Создатель шоу «Петя любит выпить» и «Петя Про», ведущий шоу «Гуд Морнинг», основатель Ploskov Production
— За последние полтора года просмотра твоего шоу [Петя любит выпить] у меня сложилось впечатление, что ты очень открытый и целеустремленный человек. Ты был таким с детства? Как сформировались эти качества?

Вообще непонятно, откуда взялась моя открытость, потому что по всем пунктам я не должен был вырасти таким. У меня было минимальное внимание со стороны родителей, я был довольно самостоятельным парнем с раннего детства. Есть показательная история о том, как в 6 лет я сам сел в автобус и уехал в училище искусств просить, чтобы меня записали на фортепиано. Эта самостоятельность была необходимостью, потому что моя мама родила меня в 17, папе было 18, и они оба очень много работали.

Сейчас мне очень сложно воспринимать бытовую жизнь. Как только у меня появились деньги, я начал нанимать уборщицу, но не потому что мне лень, а потому, что на ежедневной основе для меня готовка и уборка — это абсолютно пустая трата времени, которое можно выделить на условное обучение или работу. Это все благодаря родителям, которых я не особо видел в быту. Поэтому целеустремленность — это не какое-то желание больше заработать или оставить свое имя потомкам. Я просто по-другому жить не могу, мне не интересно по-другому. У меня работа занимает 90% времени.

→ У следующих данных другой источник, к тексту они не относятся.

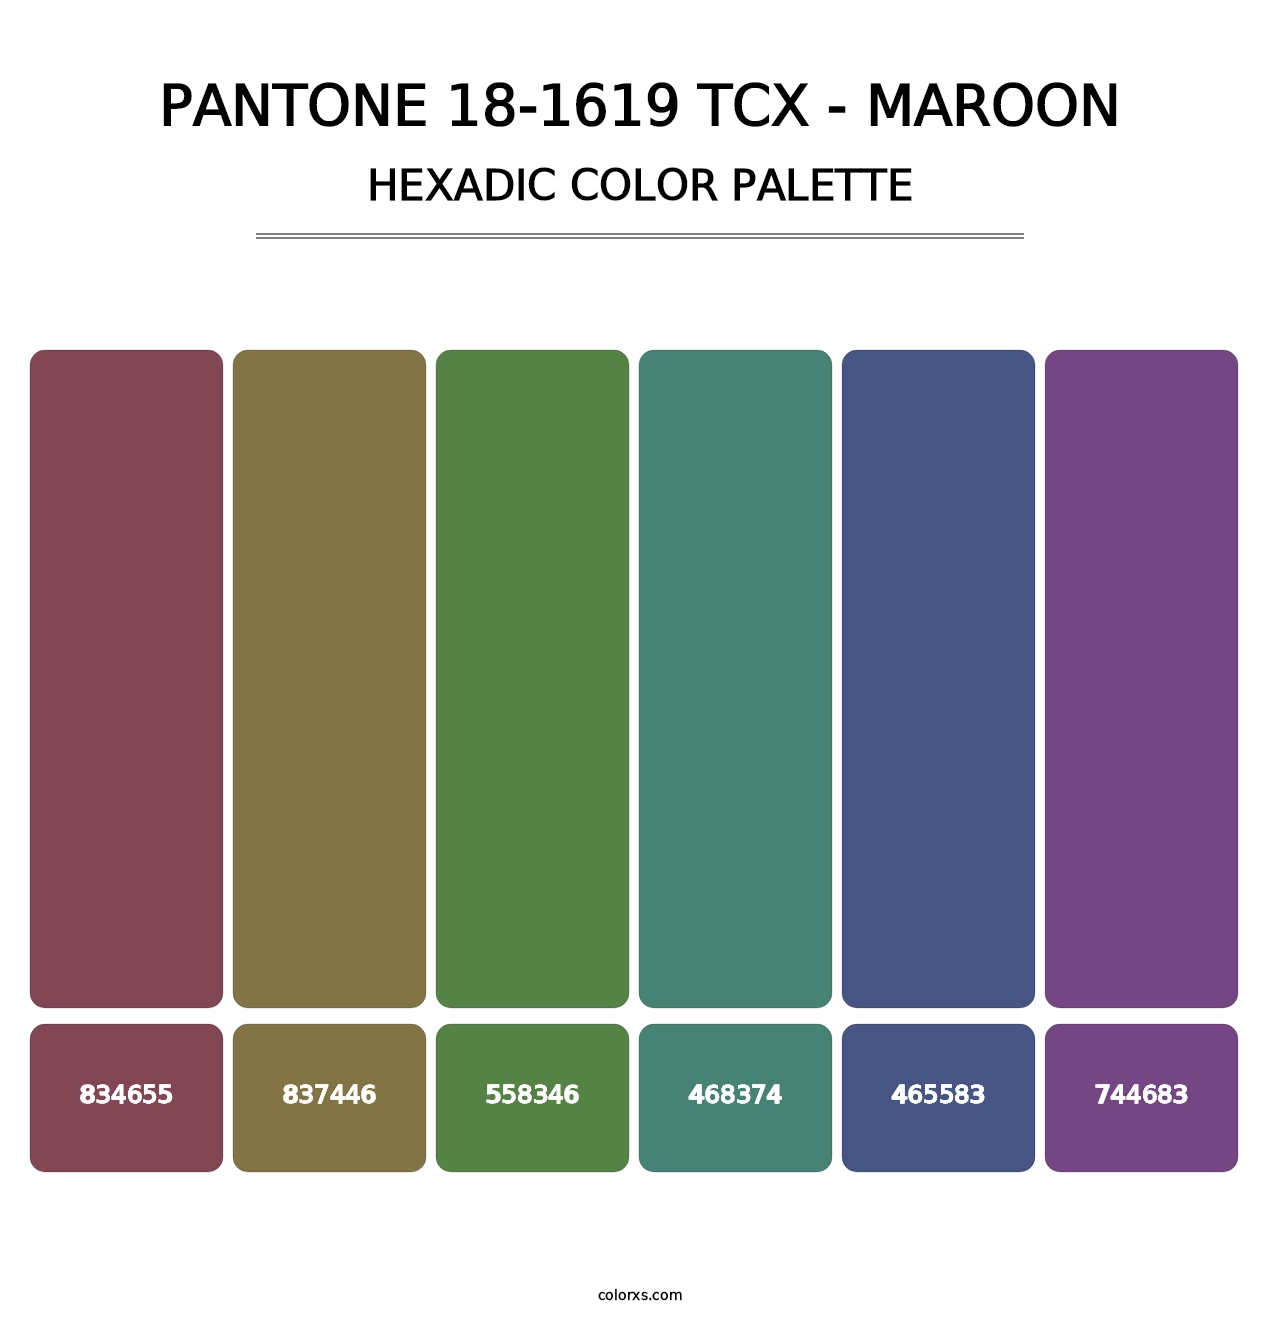 PANTONE 18-1619 TCX - Maroon - Hexadic Color Palette

— Ты много раз за жизнь переезжал. Как выглядел этот путь?

Сначала я работал в правительстве Тюменской области. Я любил свою работу, потому что она была связана с дипломатией: я встречал делегации и сам ездил в другие страны представлять область. Но когда мою заработную плату сделали настолько низкой, что я за ТО машины отдавал больше месячного дохода, я собрал чемодан и поехал в Питер. Там мне предложили аналогичную моей должность из-за того, что я с нуля создал целый отдел и Тюмень обогнала Петербург по определенным показателям. В итоге я туда приехал, и мне сказали, что не могут подписать со мной контракт. Я остался в Петербурге на несколько месяцев, работал официантом.

Меня раздражают люди, которые жалуются, что у них нет возможности найти работу — я никогда в жизни никого не просил меня куда-то устроить. Если я понимаю, что мне нужны деньги — я иду работать официантом. У меня было образование, про меня делали программу, я представлял правительство РФ, но у меня даже мысли не было, что какая-то работа меня унижает. Это абсолютная глупость. Это деньги, это классный заработок.

— Путешествия по другим странам повлияли как-то на то, как ты относишься к разным людям?

Мне в этом плане очень помогла семья: хотя мои родители не были обеспеченными, они каким-то образом отправили меня на 2 месяца в Англию, когда мне было 12. Тогда это не было каким-то элитным образованием, да и доллар был другой. Я месяц прожил в Лондоне и месяц — в Оксфорде.

В Тюмени нужно было бороться за то, чтобы выделяться, нужно было отстаивать свою индивидуальность. В Лондоне же ты видишь панков, рокеров, геев, пожилых бабушек на велосипедах, и ты понимаешь, что жизнь гораздо шире. Меня это очень изменило, и я очень благодарен родителям, которые позволили мне выбраться из своего привычного мира и увидеть, как вообще может быть. После этого я уже понимал, что люди разные, нужно уметь воспринимать все, и, наверное, это сильно повернуло меня в сторону эмпатии и толерантности.
ПРО ДЕТСТВО, ПЕРЕЕЗДЫ И ЭМПАТИЮ
— По поводу всех шоу, где ты выступаешь ведущим — нет ощущения, что они выглядят как телевизор, который мы заслужили? «Петя любит выпить» — это такой алкогольный «Смак», «Гуд морнинг» — утреннее шоу с какого-нибудь федерального канала.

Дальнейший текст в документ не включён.